**SOURCE MATERIAL:**
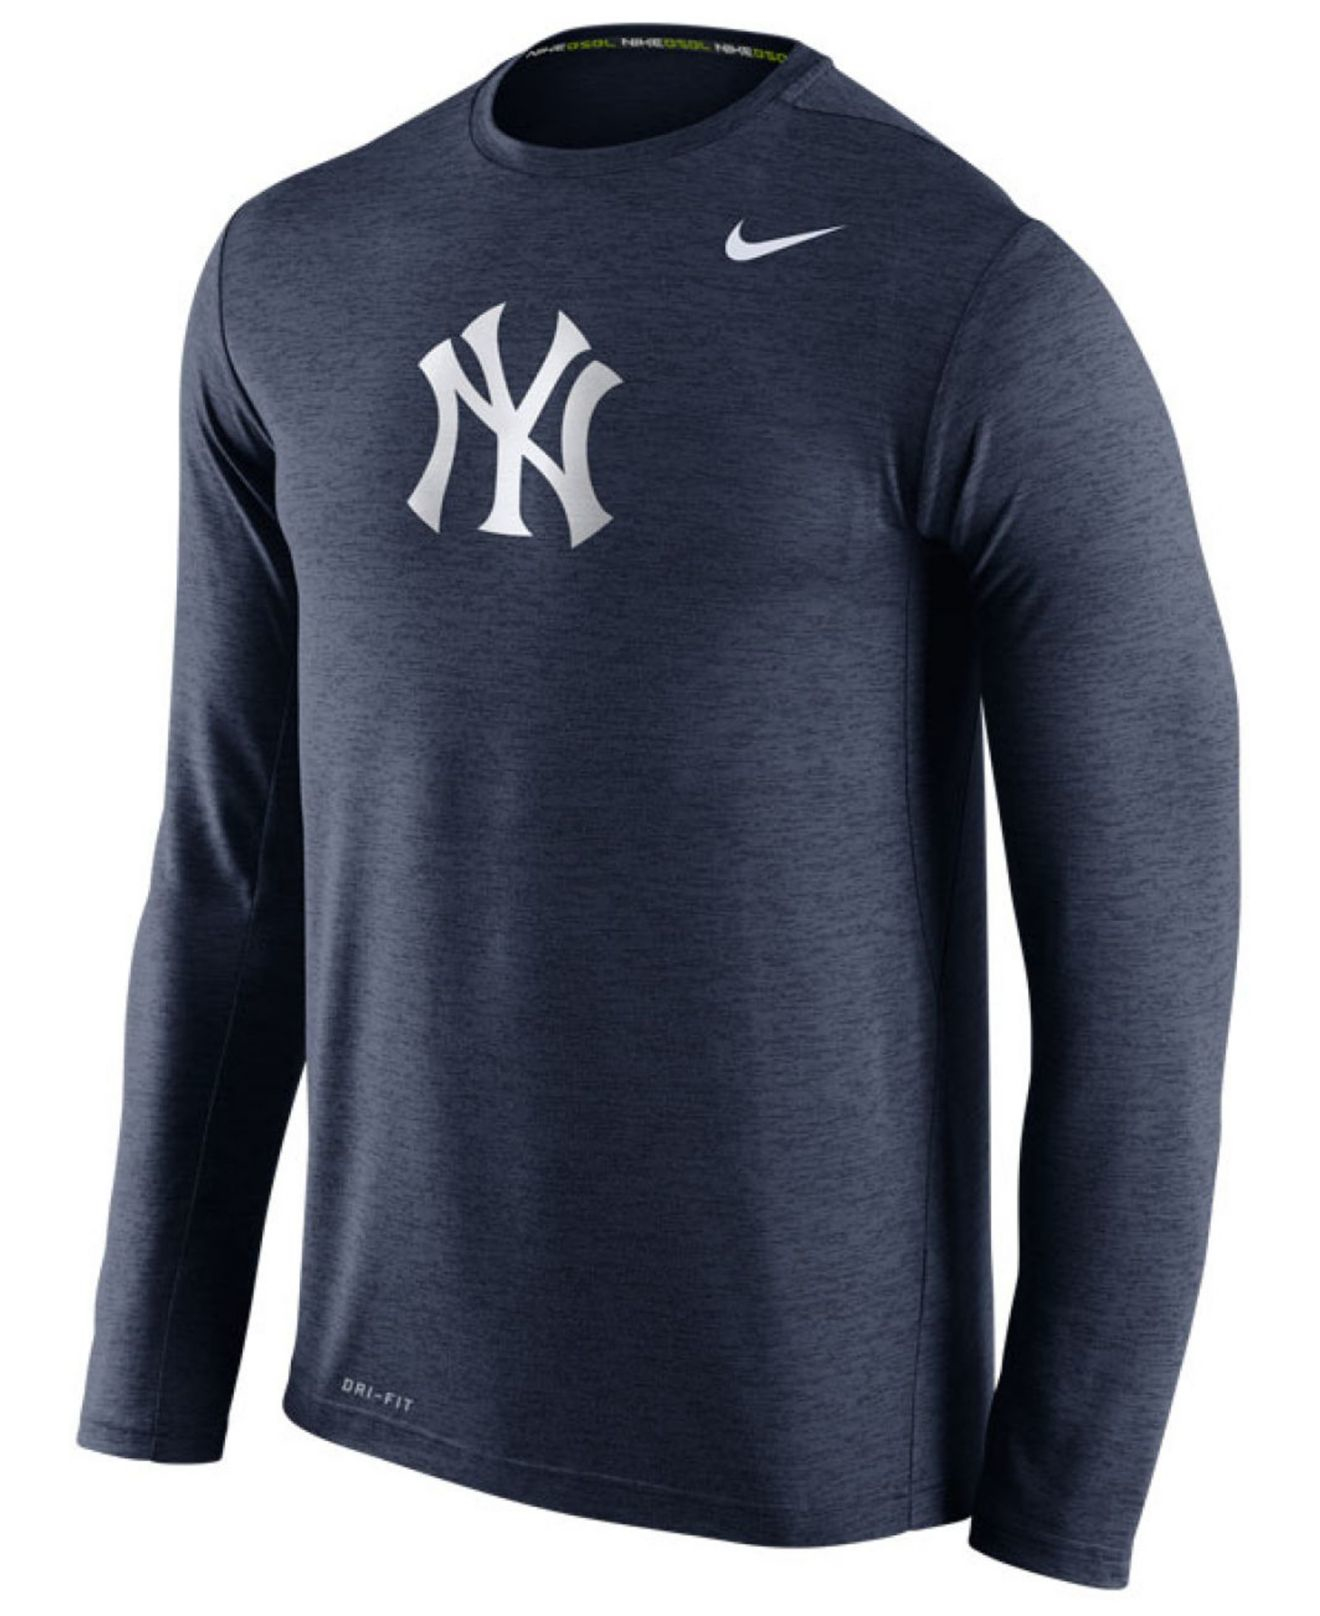 Lyst - Nike Men's Long-sleeve New York Yankees Dri-fit Touch T-shirt in ...
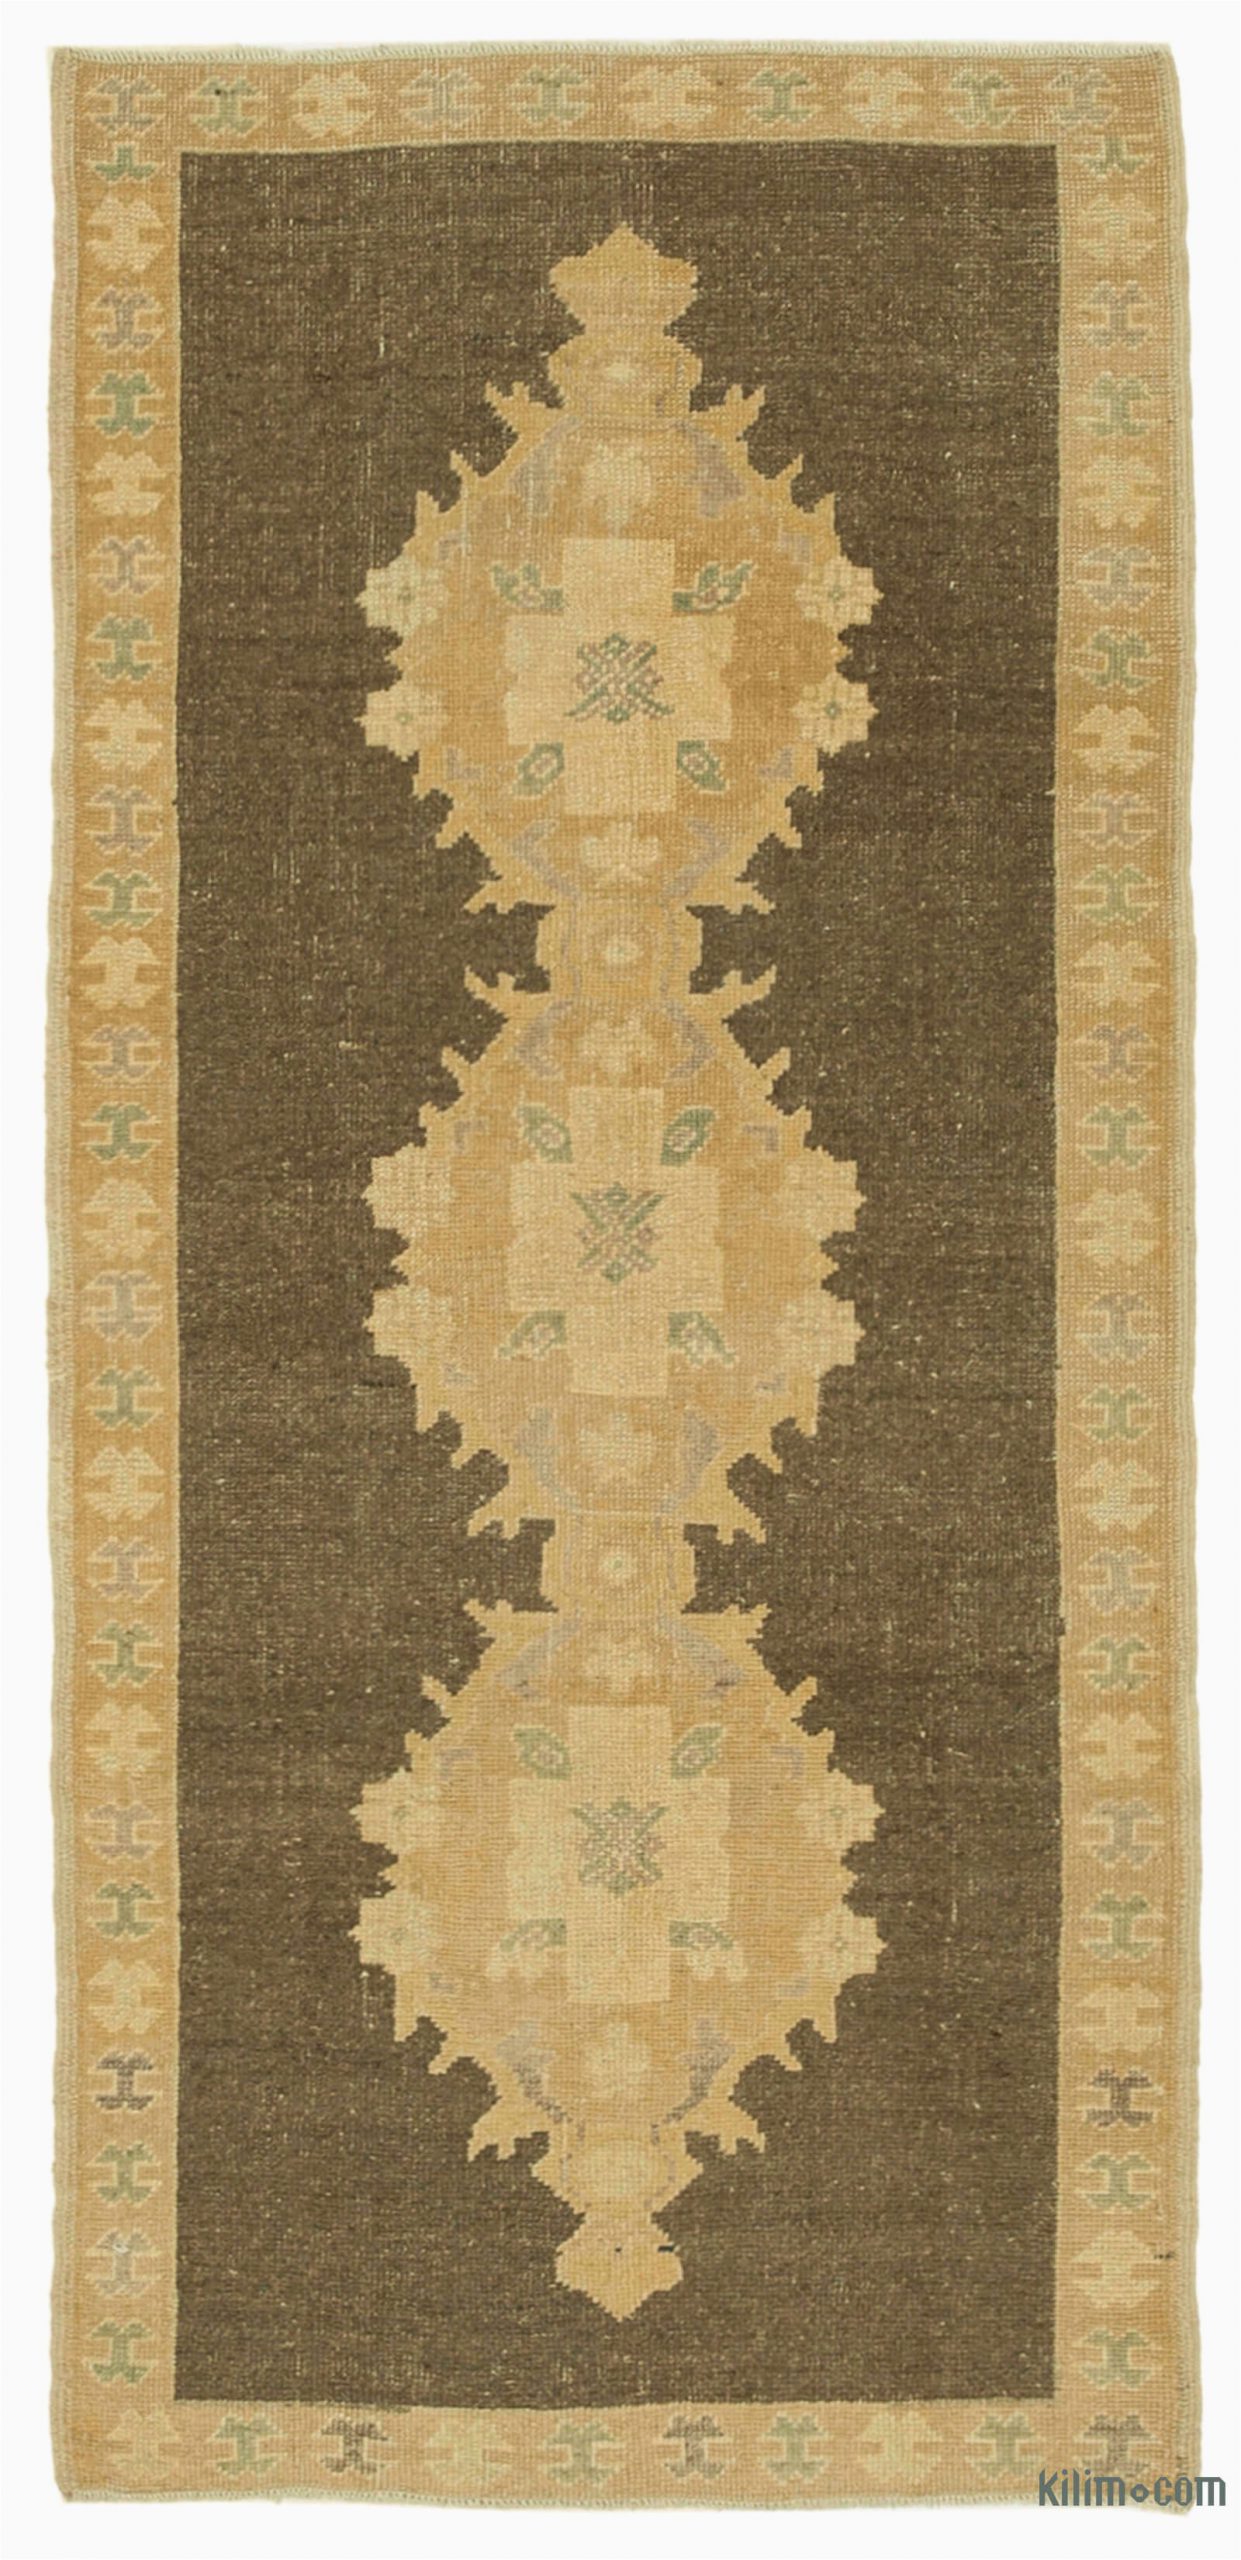 36 X 36 area Rug Beige Brown All Wool Hand Knotted Vintage area Rug 3 X 6 6" 36 In X 78 In
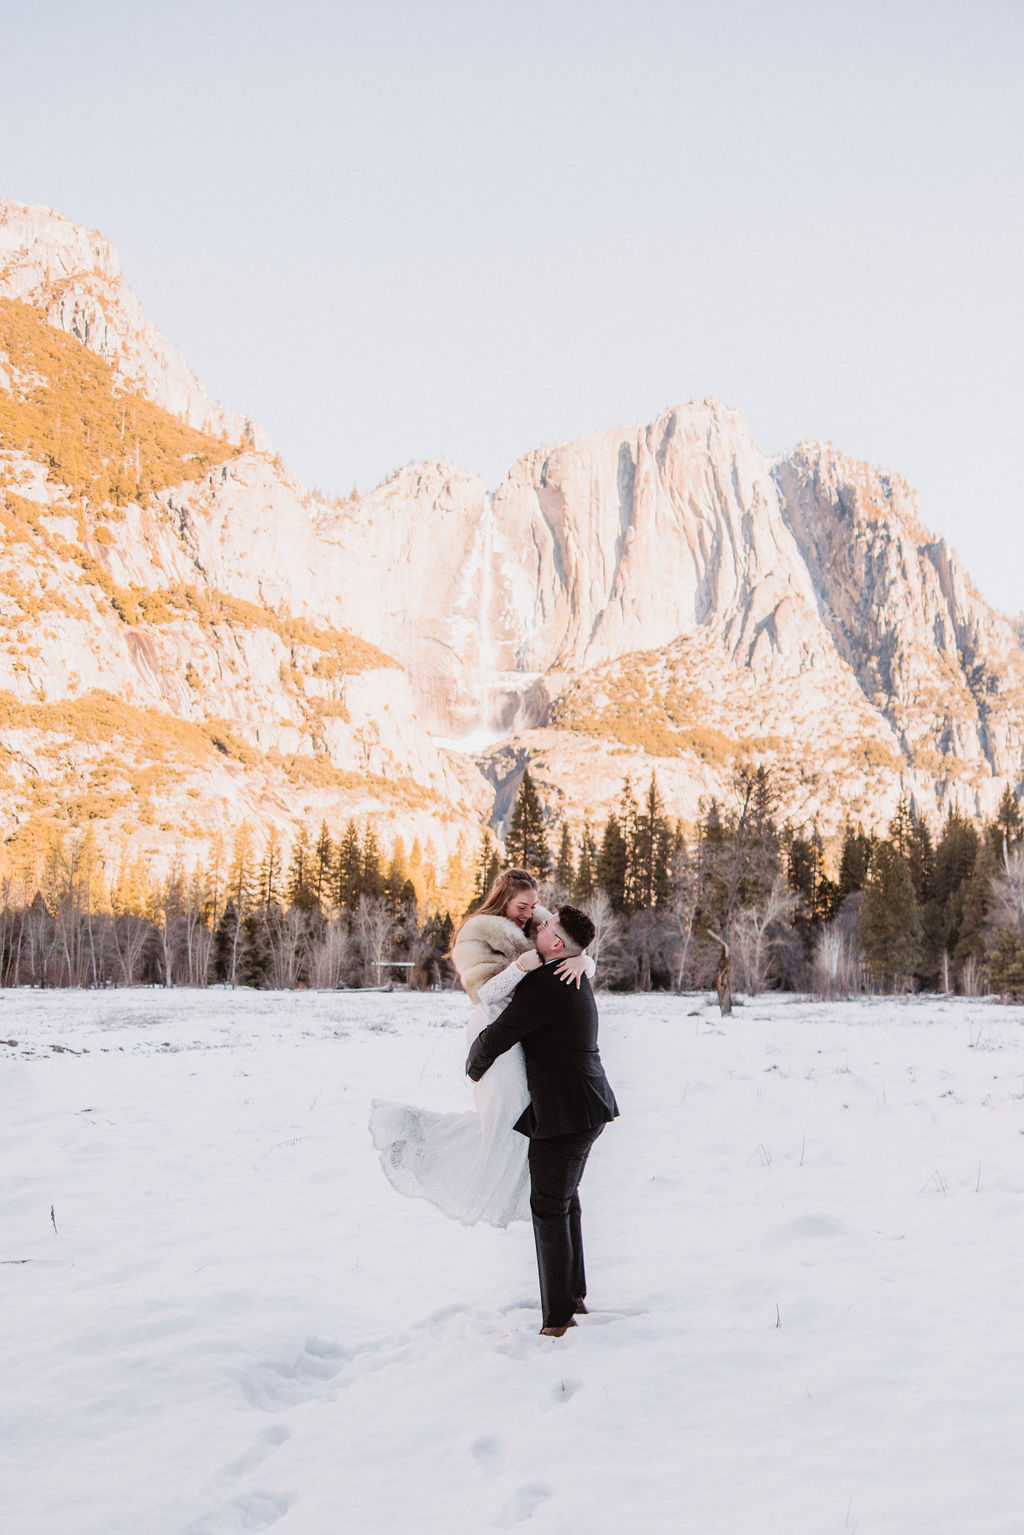 A couple in wedding attire sharing a playful moment in a snowy landscape with a mountain in the background ay Yosemite National Park

**TASK BRIEF:**
Output the data exactly. Pictures don't belong in the result.

**SOLUTION TO THIS EXERCISE:**
 Lyst - Nike Men's Long-sleeve New York Yankees Dri-fit Touch T-shirt in ...
 36 X 36 area Rug Beige Brown All Wool Hand Knotted Vintage area Rug 3 X 6 6" 36 In X 78 In
 A couple in wedding attire sharing a playful moment in a snowy landscape with a mountain in the background ay Yosemite National Park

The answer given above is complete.